NaN is an acronym for Not a Number - it literally means that the value cannot be stored as a number. It is similar to (and often referred to as a) null value, like Python's None constant.

* NaN is most commonly seen when a value is missing, but in this case, we have NaN values because the first line from our CSV file contains the names of each column. NumPy is unable to convert string values like pickup_year into the float64 data type.

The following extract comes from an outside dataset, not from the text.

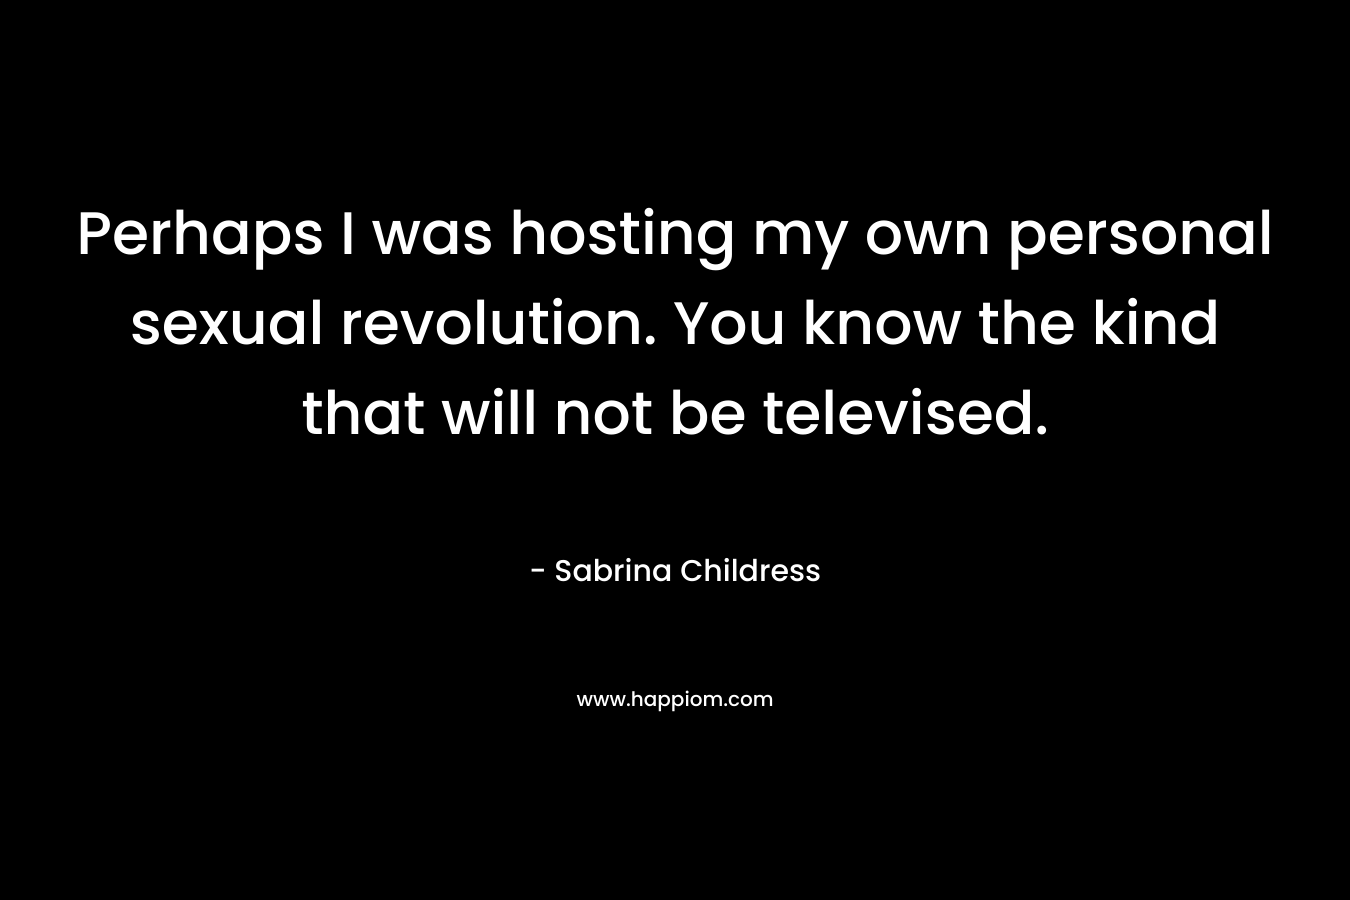 Perhaps I was hosting my own personal sexual revolution. You know the kind that will not be televised. – Sabrina Childress

* For now, we need to remove this header row from our ndarray. 
* Alternatively, we can pass an additional parameter, skip_header, to the numpy.genfromtxt() function. The skip_header parameter accepts an integer, the number of rows from the start of the file to skip.
* Note that because this integer should be the number of rows and not the index, skipping the first row would require a value of 1, not 0.

In [5]:
taxi=np.genfromtxt('nyc_taxis.csv',delimiter=',',skip_header=1)

In [None]:
taxi.shape

# 3. Boolean Arrays

* A boolean array, as the name suggests, is an array of boolean values. Boolean arrays are sometimes called boolean vectors or boolean masks.

In [None]:
a = np.array([1, 2, 3, 4, 5])
a_bool=a<3
a_bool

In [None]:
print(a[a_bool])

# 4. Boolean Indexing with 1D ndarrays

**The boolean array acts as a filter, so that the values corresponding to True become part of the result and the values corresponding to False are removed.**

**(1)use boolean indexing to confirm the number of taxi rides in our data set from the month of January.**

In [None]:
pickup_month=taxi[:,1]
print(pickup_month[:10])

In [16]:
january_bool=pickup_month==1

In [None]:
january_pickups=pickup_month[january_bool]
print(january_pickups[:15])

**no of rides in january**

In [None]:
january_pickups.shape

**13481 rides in january**

**(2)use boolean indexing to confirm the number of taxi rides in our data set from the month of December.**

In [None]:
december_bool=pickup_month==float(12)
december_rides=pickup_month[december_bool]
print(december_rides[:4])

In [None]:
december_rides.shape

**(3)use boolean indexing to confirm the number of taxi rides in our data set from the month of June.**

In [None]:
june_bool=pickup_month==6
june_rides=pickup_month[june_bool]
print(june_rides[:5])

In [None]:
june_rides.shape

**15739 rides in June**

# 5. Boolean Indexing with 2D ndarrays

* When working with 2D ndarrays, you can use boolean indexing in combination with any of the indexing methods.`The only limitation is that the boolean array must have the same length as the dimension you're indexing.`

In [None]:
# calculate the average speed
trip_mph = taxi[:,7] / (taxi[:,8] / 3600)
print(trip_mph.max())

In [None]:
# create a boolean array for trips with average
# speeds greater than 20,000 mph
trip_mph_bool = trip_mph > 20000

# use the boolean array to select the rows for
# those trips, and the pickup_location_code,
# dropoff_location_code, trip_distance, and
# trip_length columns
trips_over_20000_mph = taxi[trip_mph_bool,5:9]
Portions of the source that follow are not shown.